Senate And DStv: Why We Must Tread Cautiously
By Folarin Ademosu
The Senate, last Wednesday, debated satellite television provider, DStv price hike and it inability to levy subscribers for contents watched only – similar to GSM telephony per -second billing. No divination is needed to tell where the motion by Senator Isa Misau and the attendant contributions in the hallowed parliament was directed. The senators are like many Nigerians – they love the product (DStv) and have a quality perception of it, but uninterested about how it delivers its premium services. So, the senate resolved that its Committee on Information summon the industry regulator – Nigerian Broadcasting Corporation, NBC, – and Consumer Protection Council, CPC, and, together, organize a public hearing for “stakeholders & relevant civic societies”. But, I am afraid the Senate appeared ambivalent about its ambition and how it hopes to achieve it; given that more Nigerians than it could ever know are stakeholders and highly relevant regarding DStv operations in Nigeria. These relevant stakeholders include hundreds of marketers and their employees, and installers/ technicians, musicians, actors, athletes, schools and communities benefiting from DStv operations or its corporate social responsibilities, CSR. Certainly, a faulty action in this respect will trigger a chain of reactions that may hurt more people than we think.

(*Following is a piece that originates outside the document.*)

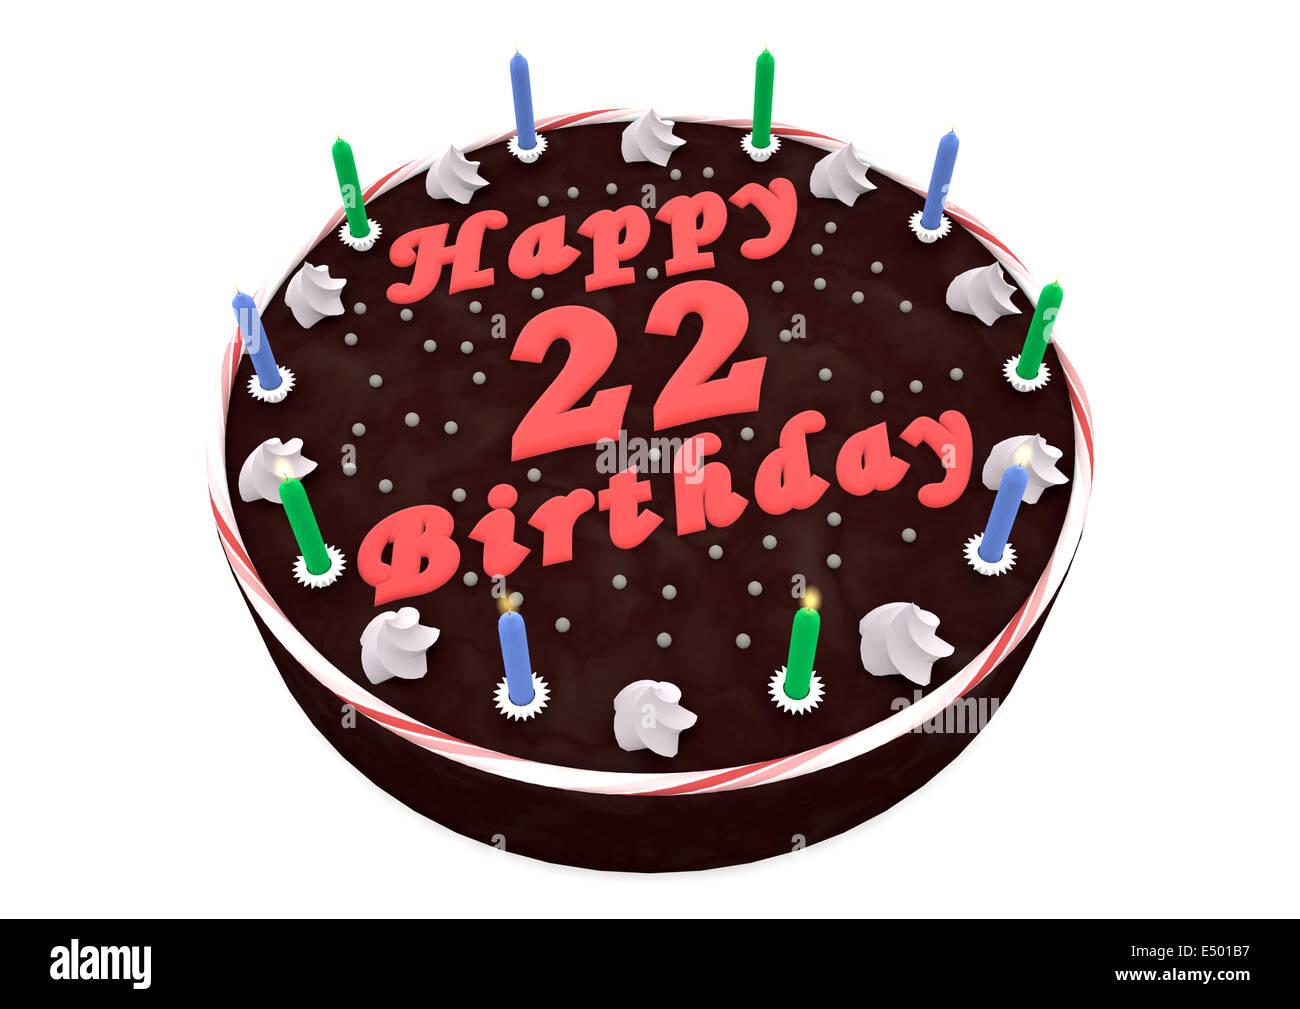 Chocolate Cake For 22th Birthday

Talking about DStv pricing system, it can’t be gainsaid that a business owner’s pricing policy borders chiefly on its production cost, determined by availability and easy access to market infrastructures. The simplest explanation of this is that where such infrastructures – roads, rails, power, security, e.t.c – is absent or sourced at huge cost by any investor, a price burden is shifted to the consumers. It is elementary economics that everyone should understand, including our senators, many of who are employers of labour. Addressing the pricing policy of a private business, especially in an environment where the investor is a provider of all or many of infrastructures needed for its successful operations, however, is not the interruption of market forces through high-handed official interference. More so, government interventions in free market operations, rather than allowing the forces of demand and supply work to its equilibrium, could pose a danger to an investment. Again, aside the consumers suffering, it could also result to job loss. Noting the danger of excessive government regulations to business survival, Olusegun Oshinowo, director-general, Nigeria Employers’ Consultative Association, NECA, in November, 2015, said: “While NECA appreciates the essence of the roles of regulators and would also not support unfair practices by business operators, we are, however, averse to heavy-handedness by way of sanctions that could snuff life out of the businesses.”

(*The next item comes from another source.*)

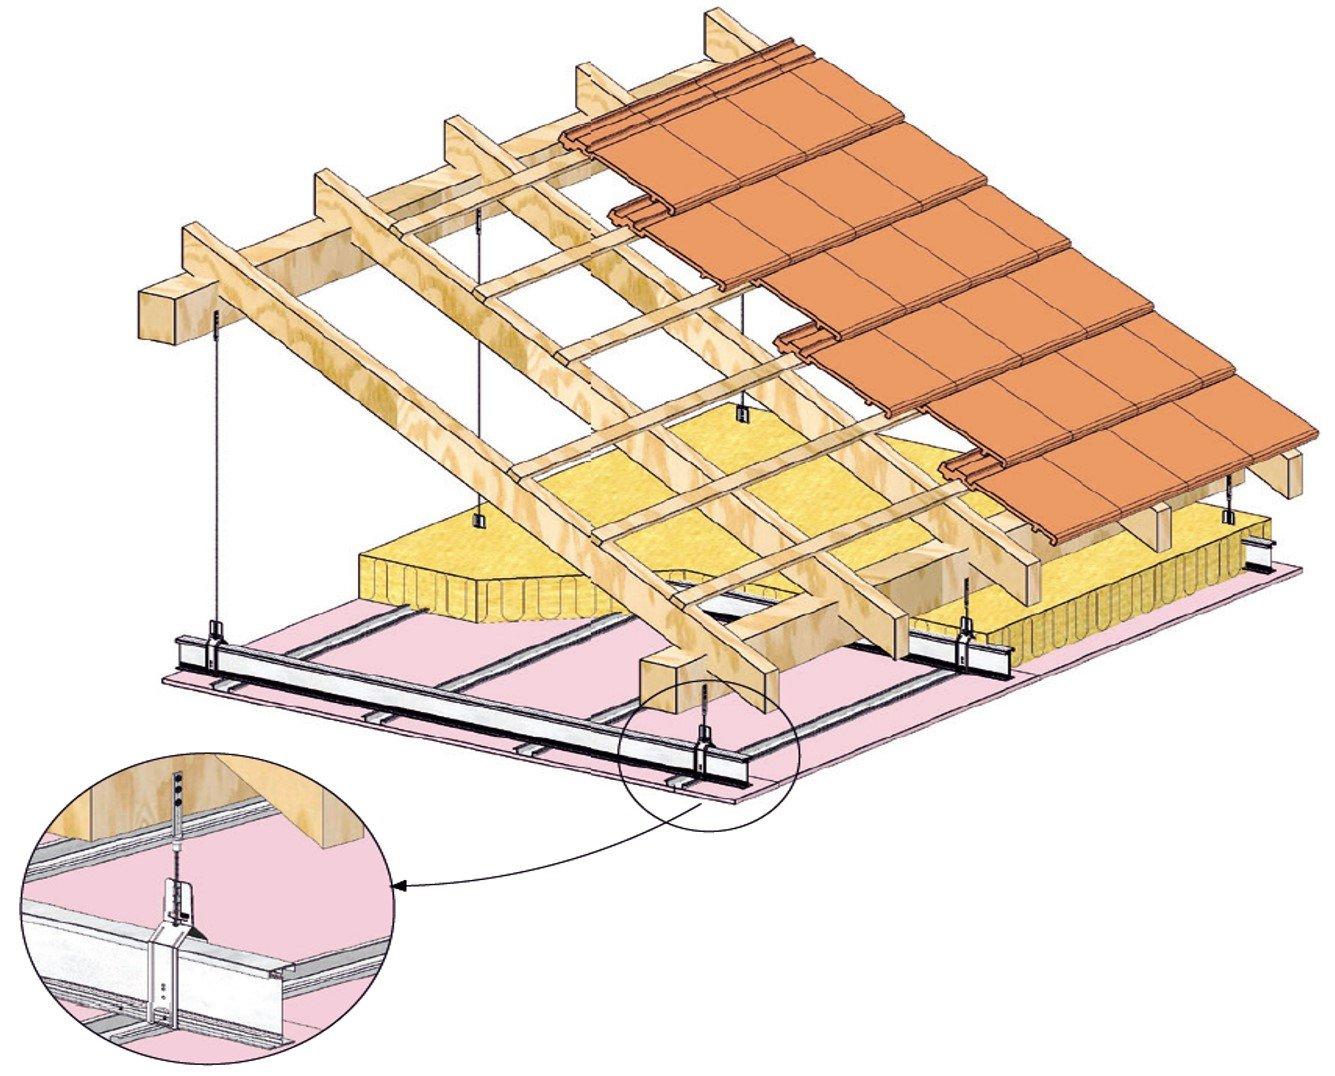 Plafond knauf m tal 2 kf13 plafonds pl tre knauf m tal for Suspente knauf

DStv, as a business, is not insulated from the vagaries of the Nigeria’s investment climate, so also are other brands. The question should be asked: Can the Senate regulate the prices of beer, airline fares, cement and other building materials, e.tc? It is to be seen how achievable this is.
There appears a lot of misinformation or paucity of such on the possibility of a pay-television provider to adopt Pay-per-View, PPV, model. As against the popular belief, a satellite television provider can’t whimsically adopt a tailor-made PPV system. In the case of DStv, like other satellite television providers, majority of the contents are not directly owned by them. What exists between the pay-television providers, like DStv, and original content producers is the same transactional relationship between them (providers) and the end-users. The providers also subscribe to and buy programme contents from their original owners, who do not sell on the basis of how they are watched and by how many subscribers at any given time. DStv and other pay-television providers are mere content-collectors or, simply put, agents of the original programme content producers. An example is the Barclay’s English Premier League, EPL, which viewing right is bidded for and sold at exorbitantly high cost to any willing cable pay-television providers over a specified duration. Available information has shown that the PPV is a more expensive and selective pay-television service that is viewed through a private telecast. It is one in which a subscriber orders mainly to watch a particularly exclusive event, for example a high-ticket boxing tournament. While boxing-loving DStv subscribers were able to watch the last July Floyd Mayweather and Manny Pacquiao’s fight based on their premium bouquet monthly subscription, such wouldn’t have happened through the PPV model. Instead, each subscriber would have to call in to buy the viewing right for that single boxing event, and, in any case, it could be the same amount as, or more than, their usual subscription cost.
Rather than attempting to regulate prices of any business, the senate and relevant agencies must work with the federal government to create policies and legislation that will aid market and institutional infrastructures. This will definitely force down investment cost and allow greater ease of doing business in the country. Also, what government need do is to create viable grounds for more investors to enter and thrive in the pay-television industry. By so doing, government would be creating a virile free market economy, where the forces of demand and supply determine prices; create employments; provide consumers with alternatives and insure their sovereignty to choose among competing brands. Another solution available to government is to ensure that an investment of a high-end product creates alternative services for downmarket consumers. However, MultiChoice Nigeria, the DStv brand owner, seems to have done this already by facilitating the entry of GOtv, which goes for as low as N1,000. Any action short of the foregoing will amount to undercutting President Muhammadu Buhari’s well-thought-out efforts to woo investors, who may be discouraged by the development already playing out in the Senate.